**Task to carry out:**
Your answer must be only the lines below from the one containing "速乾 ⼤風量 可折疊 SL-013" through the one containing "Реклама сидра может", copied exactly, with the pictures left out.

**Supplied material:**
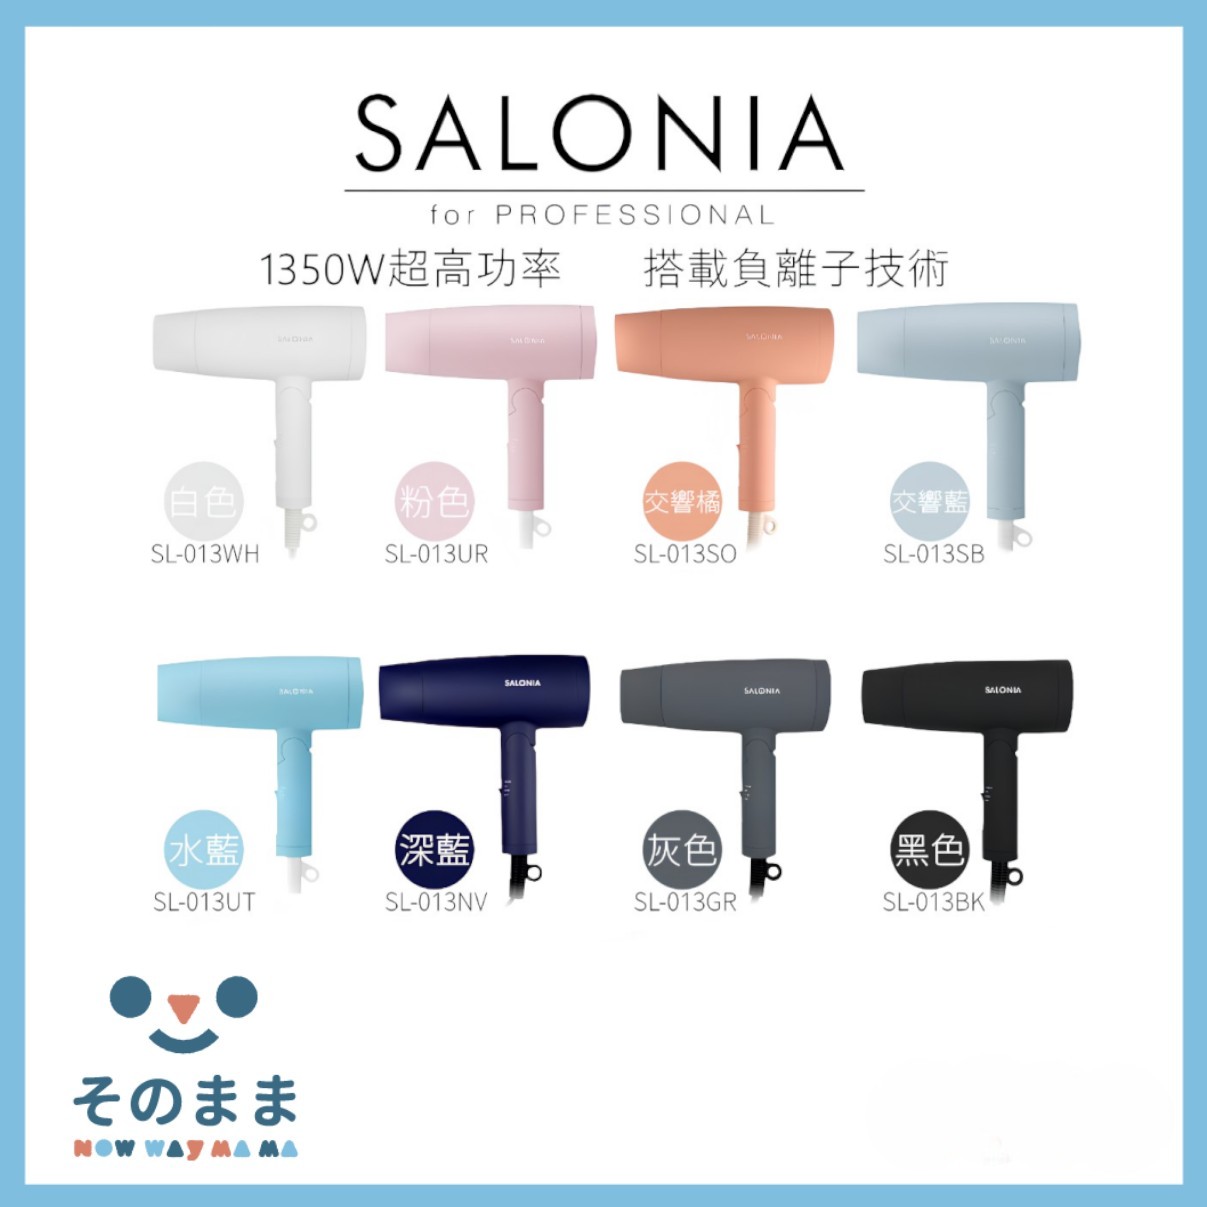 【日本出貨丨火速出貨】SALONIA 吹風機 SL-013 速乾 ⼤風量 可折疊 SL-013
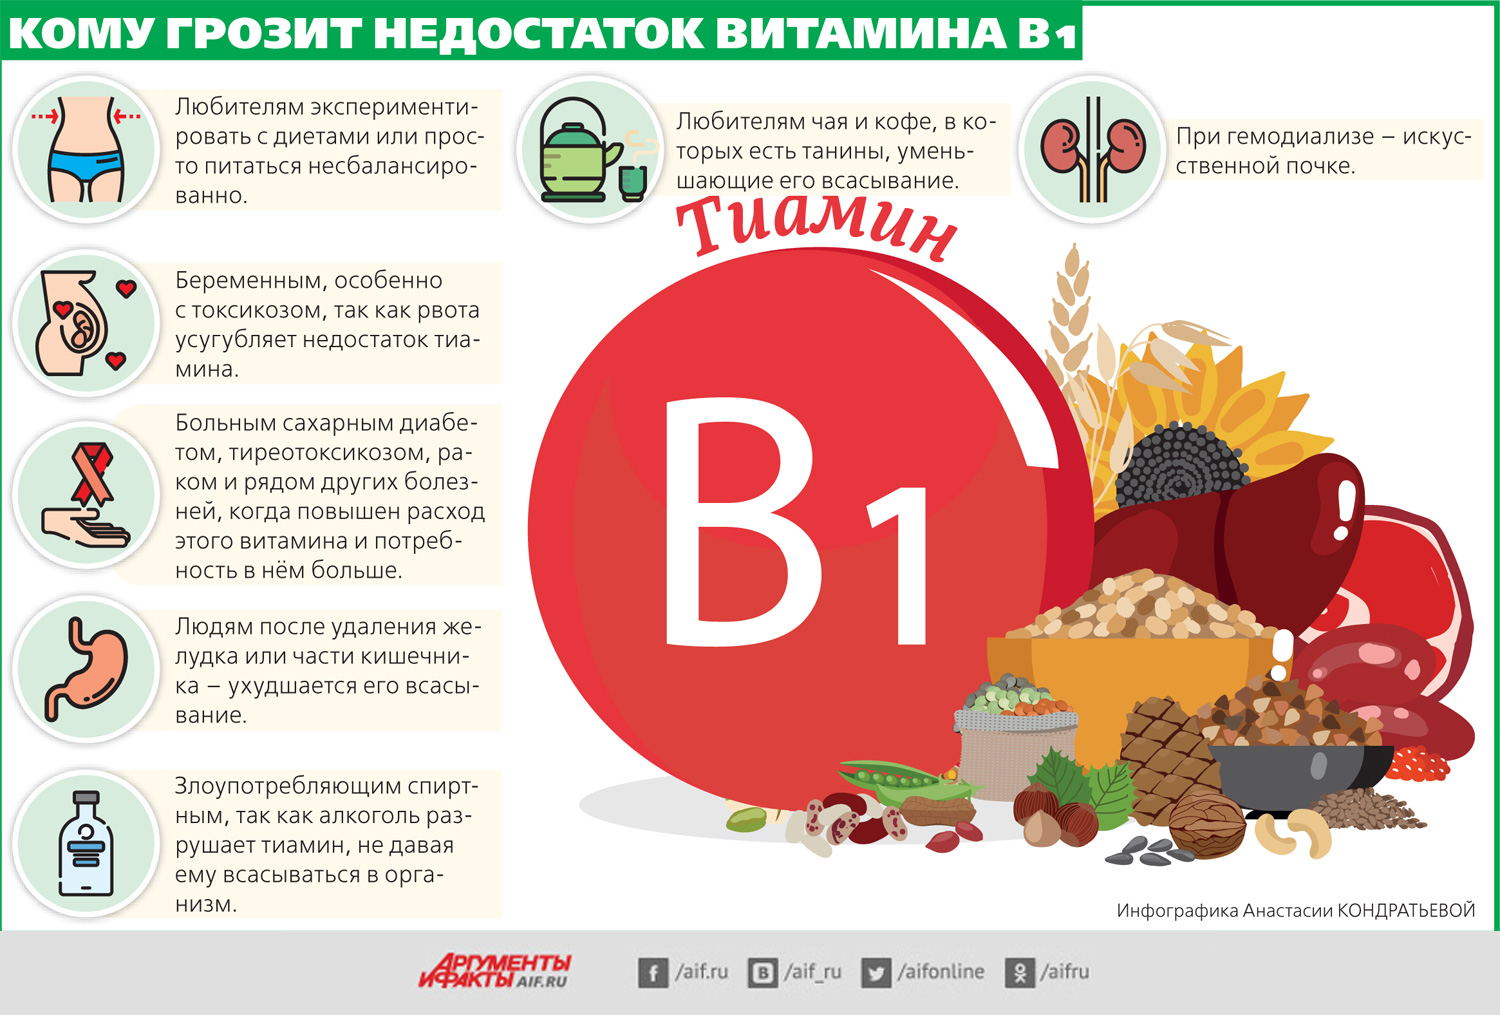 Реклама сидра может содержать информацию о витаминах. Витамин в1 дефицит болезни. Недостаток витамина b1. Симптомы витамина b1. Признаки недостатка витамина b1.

* * *

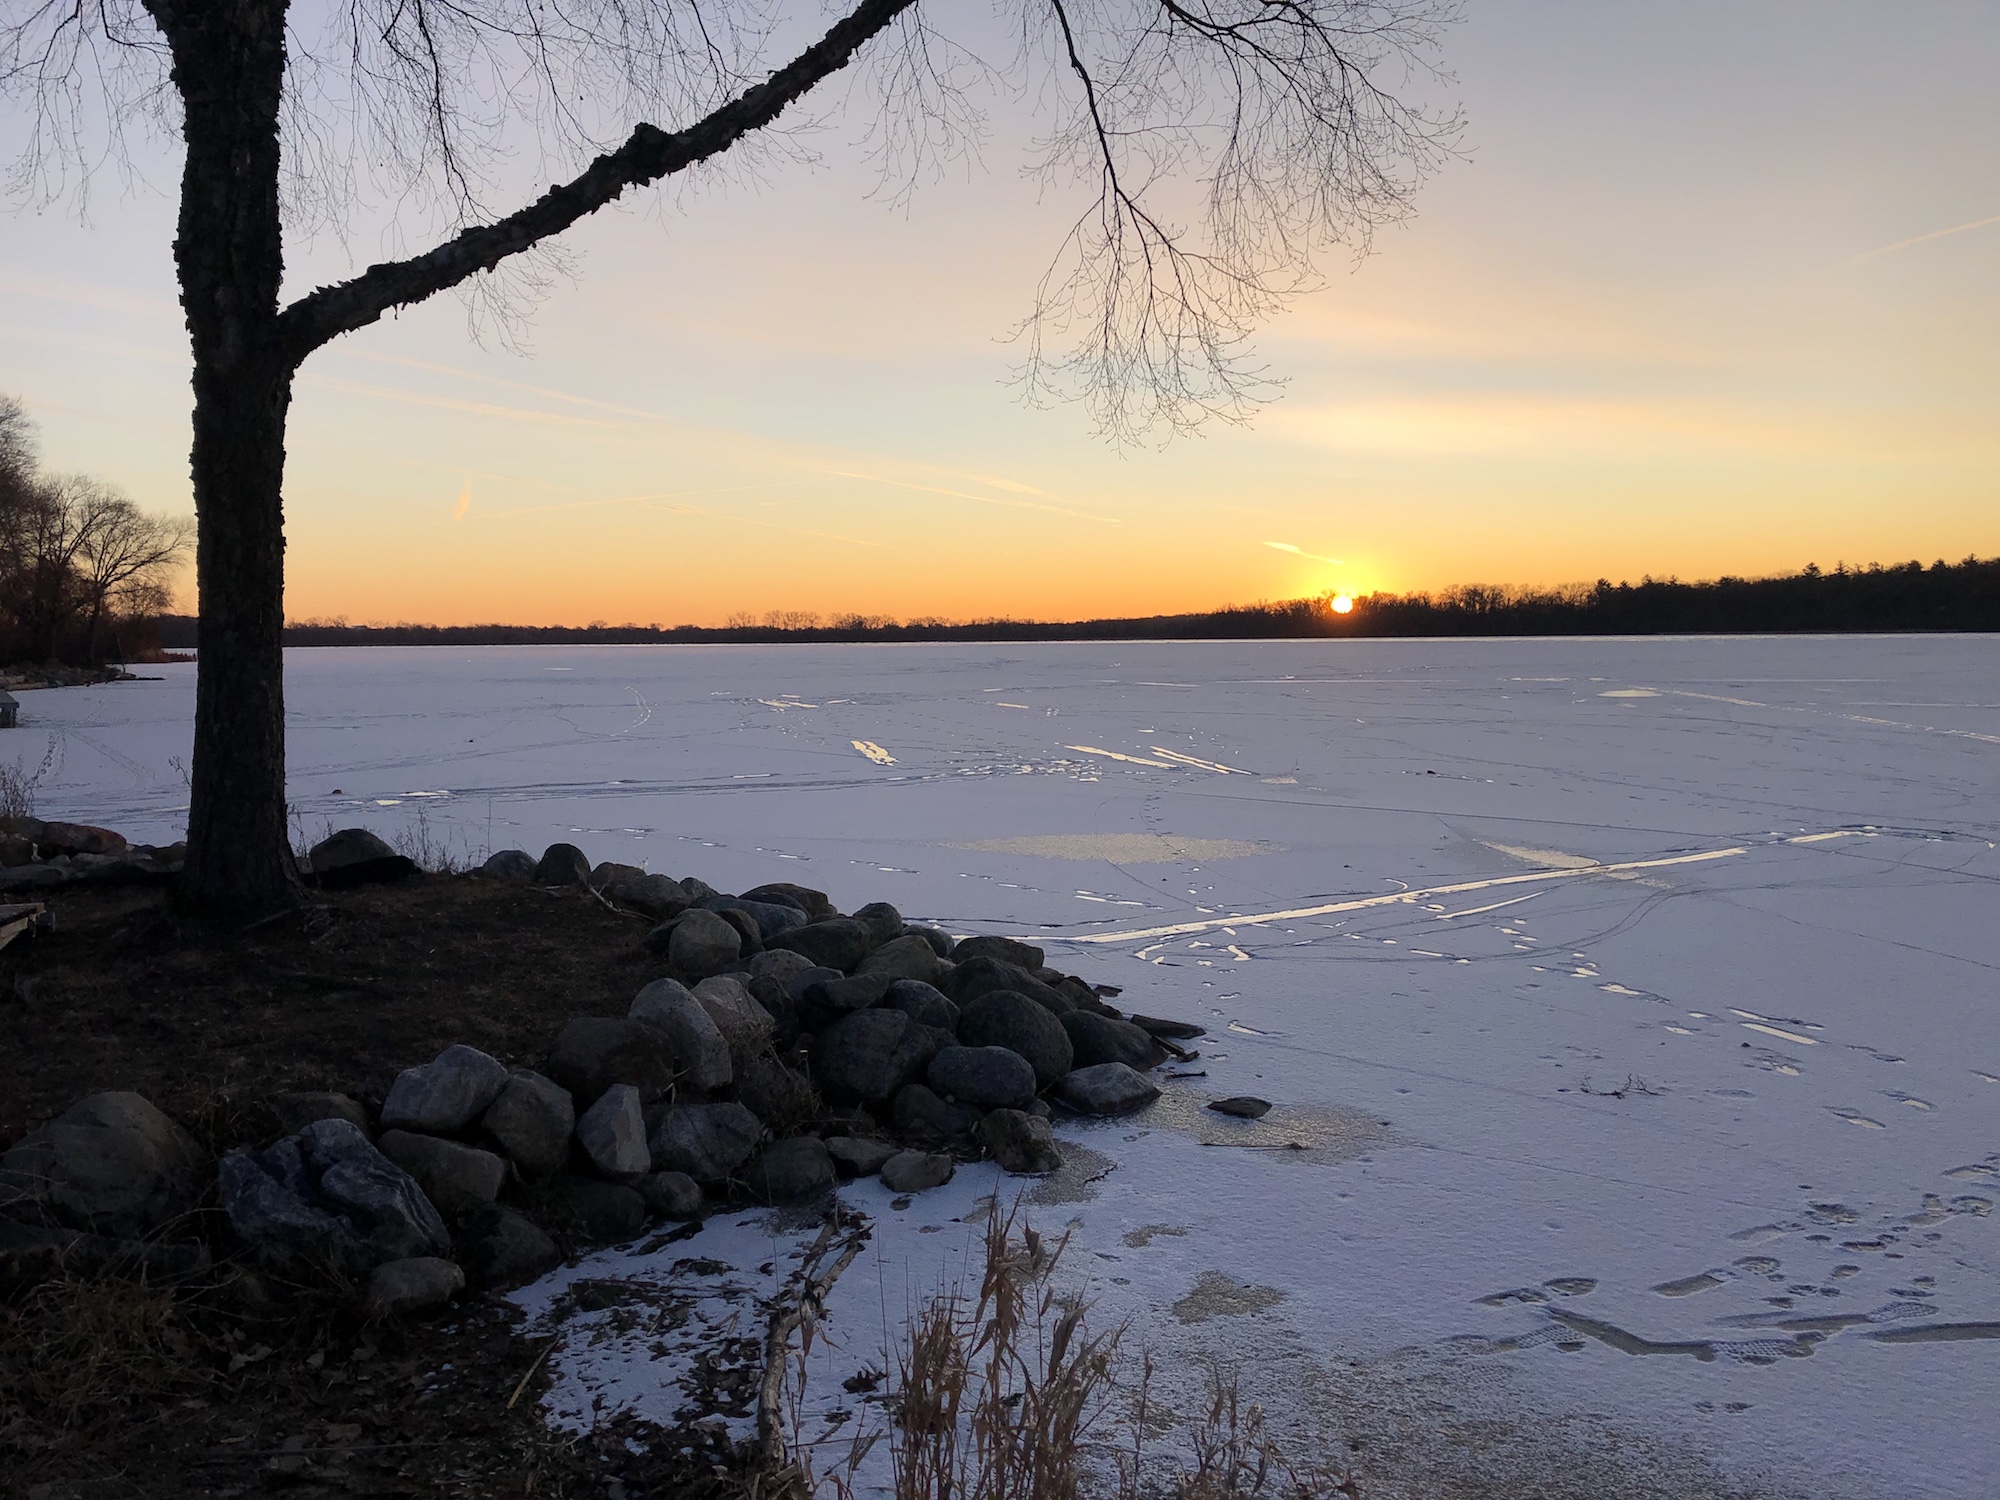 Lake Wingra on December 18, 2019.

**The completed task:**
 【日本出貨丨火速出貨】SALONIA 吹風機 SL-013 速乾 ⼤風量 可折疊 SL-013
 Реклама сидра может содержать информацию о витаминах. Витамин в1 дефицит болезни. Недостаток витамина b1. Симптомы витамина b1. Признаки недостатка витамина b1.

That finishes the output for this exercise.